El aire estaba cargado de una tensión palpable, una mezcla de emociones que me envolvía mientras la contemplaba. Nabí estaba frente a mí, y aunque el mundo a nuestro alrededor parecía desvanecerse, yo solo podía enfocarme en ella. Su vestido rosado brillaba como un faro en la oscuridad de mi vida llena de sombras. Cada cristal que capturaba la luz era un recordatorio de lo que había luchado por recuperar, de lo que había perdido y anhelado.
Era perfecta.
Recordaba aquel día fatídico cuando la arrebataron de mi lado. La imagen de su rostro, tan puro y lleno de vida, contrastaba fuertemente con el caos que había seguido. Durante años, había caminado por un sendero manchado de sangre y decisiones crueles, siempre con la esperanza de que algún día podría redimirme a través del amor que sentía por ella.
Un amor que se volvió mi obsesión de por vida.
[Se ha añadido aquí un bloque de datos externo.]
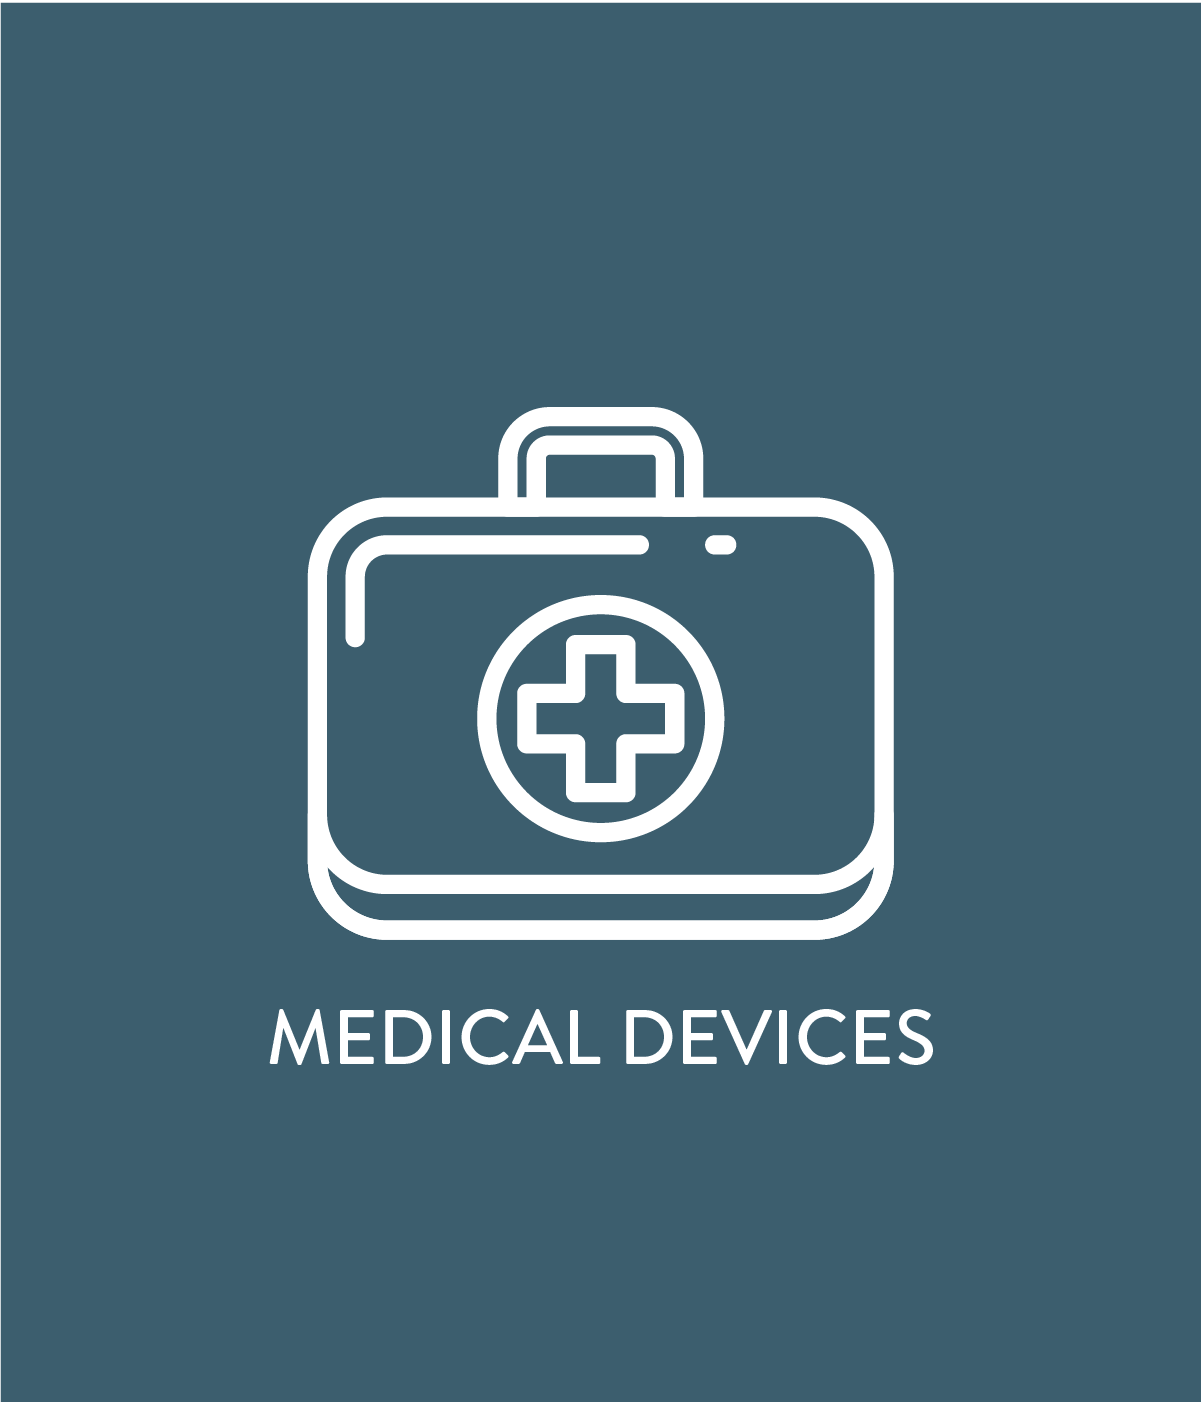 MEDICAL DEVICES

A medida que me acercaba, podía ver el miedo reflejado en sus ojos color esmeralda. Era un miedo que me desgarraba por dentro.
¿Cómo podría explicarle que, a pesar de todo lo que había hecho, ella era mi única salvación?
Era mi luz en un mundo lleno de oscuridad. Pero sabía que mi historia la asustaba; lo entendía. No quería ser el monstruo del que todos hablaban, pero las acciones del pasado eran sombras difíciles de desvanecer.
«¿Por qué no puedes verme como antes?», pensé mientras nuestras miradas se entrelazaban. Mi corazón latía con fuerza en mi pecho; cada pulsación era un recordatorio de que aún había esperanza. Sabía que debía demostrarle que no era solo un hombre malvado; podía ser su protector, su refugio.
Maldije a todos los que alguna vez le hicieron daño. Prometí en silencio que haría lo imposible para mantenerla a salvo. Su fragilidad me atormentaba y al mismo tiempo me llenaba de una feroz determinación.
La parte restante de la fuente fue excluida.